Disclosure of Invention
The invention provides a back door attack defense system aiming at an artificial intelligence model aiming at the defects and defects of the prior art, aiming at the characteristics of malicious neurons in the back door model and the characteristics that a trigger is required to be activated by the back door, the artificial intelligence model can be pre-detected to judge whether the model is the back door model, the trigger can be invalidated at the model operation stage to carry out protection, and the system can be applied to models in the fields of image classification and image recognition to strengthen defense of the model and further improve the safety performance in the field of deep learning.
The invention is realized by the following technical scheme:
the invention relates to a backdoor attack defense system aiming at an artificial intelligence model, which comprises the following components: the model is module and real-time defense module in advance, wherein: in the model pre-detection module scanning the classification model of the image to be detected: firstly, whether the operation behavior of reading or modifying the local file is performed and secondly, whether the model comprises a back door or not is judged according to data output by each layer; the real-time defense module adds a filter to the picture containing the trigger, so that a back door in the image classification model is invalid.
The model pre-detection module comprises: the keyword library unit, the scanning difference unit and the scanning result analysis unit, wherein: the keyword library unit adds keywords according to the information of the operating system operated by the model to obtain a keyword library; the scanning difference unit carries out model scanning processing according to the keyword library and the image input by the model to obtain a model scanning result; the scanning result analysis unit performs analysis processing according to the model scanning result information to determine whether the model is a back door model.
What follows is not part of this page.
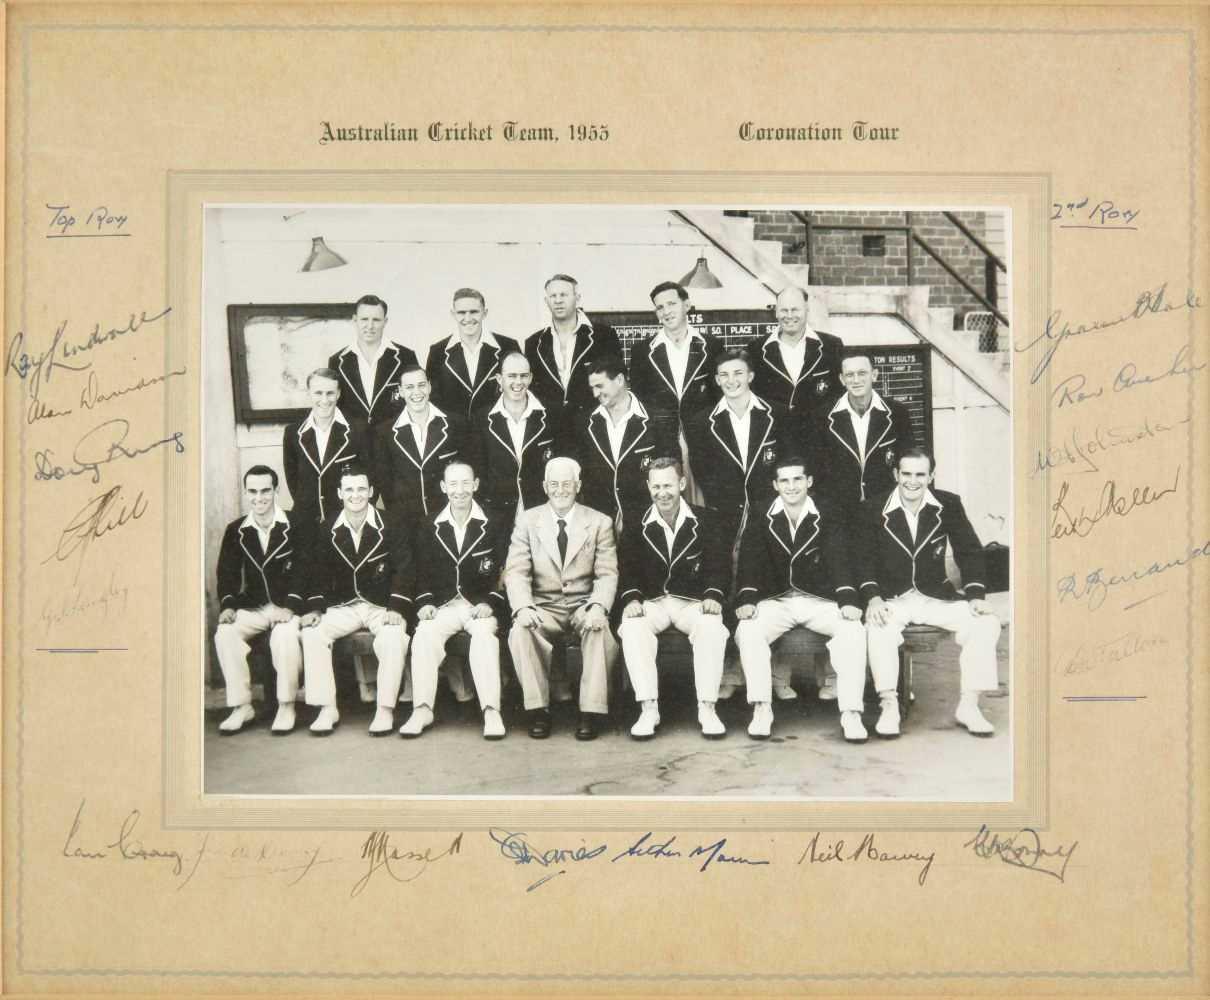 Cricket. Australian Cricket Team 1953 Coronation Tour signed photograph

The real-time defense module comprises: a filter unit and a model operation unit, wherein: the filter unit adds filter processing to the image input by the model; and the model operation unit obtains a classification result according to the image with the filter.
The invention relates to a backdoor attack defense method aiming at an artificial intelligence model based on the system, which comprises the following steps:
step one, according to the back door attack principle of the artificial intelligence model, namely maliciously tampering system files, constructing a back door model on the basis of a normal artificial intelligence model, and selecting a plurality of image adding triggers on a data set for activating the back door.
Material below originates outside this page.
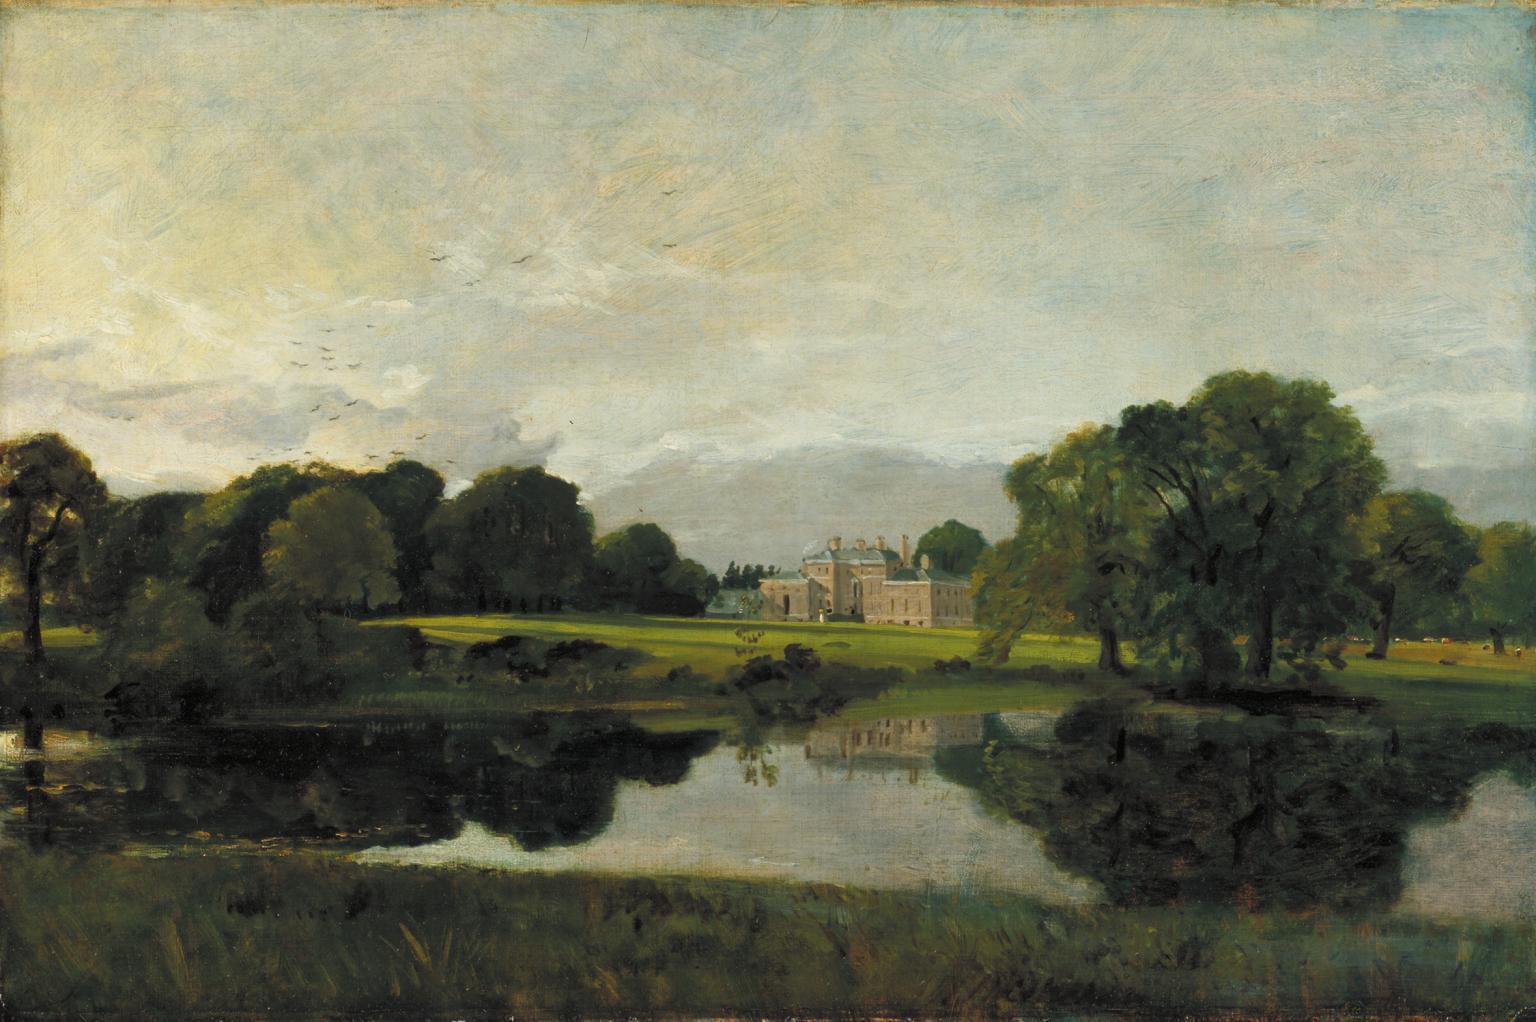 """Malvern Hall"" by John Constable (1809)"

Step two, scanning the back door model in the step one through a model pre-detection module, and judging whether the model comprises a back door according to the difference of scanning results: and when the scanned model contains keywords in the keyword library or the input of the model is not changed before and after passing through a certain model layer, judging that the model has implantation backdoor risk.
And step three, modifying the trigger on the picture to be incapable of triggering the model back door through an image filter algorithm in the model operation stage according to the characteristic that the model back door needs to be activated, and simultaneously not influencing the normal classification of the model, thereby realizing real-time defense.
The deep learning model is a convolution neural network.
The model back door is as follows: and when the trigger is detected, the embedded malicious code is executed to modify the system file. The consequences of this include, but are not limited to, malicious user telnet, website-holding attacks.
The trigger means that: the input pictures have specific characteristics, and the input with the characteristics can trigger the back door of the model, so that the model not only outputs the classification result, but also can execute malicious codes in the model and damage a local system.
The classification is as follows: and predicting a classification result of the single input image by the deep learning model. The result is expressed as a vector of p ═ p1,p2,p3,...]Each component of which represents the prediction probability of the input image in each class.
The model scanning refers to: deconstructing and field matching the trained deep learning model, specifically comprising:
①F(x)=~f(x)layer&&f(x)match;
②f(x)layer=|layer(x)2–layer(x)1|&&|layer(x)3–layer(x)2|&&…;
③f(x)match=match(keyword)1||match(keyword)2||…
wherein x represents an input picture, f (x)layerIs the model layer-by-layer scan difference function, f (x)matchIs the model static scan difference function, layer (x)iRepresents the output of the ith layer after model post-processing, |, represents the euclidean distance between the two classification results (probability vectors). match (keyword)iRepresenting the use of keywords on a modeliA binary match is made.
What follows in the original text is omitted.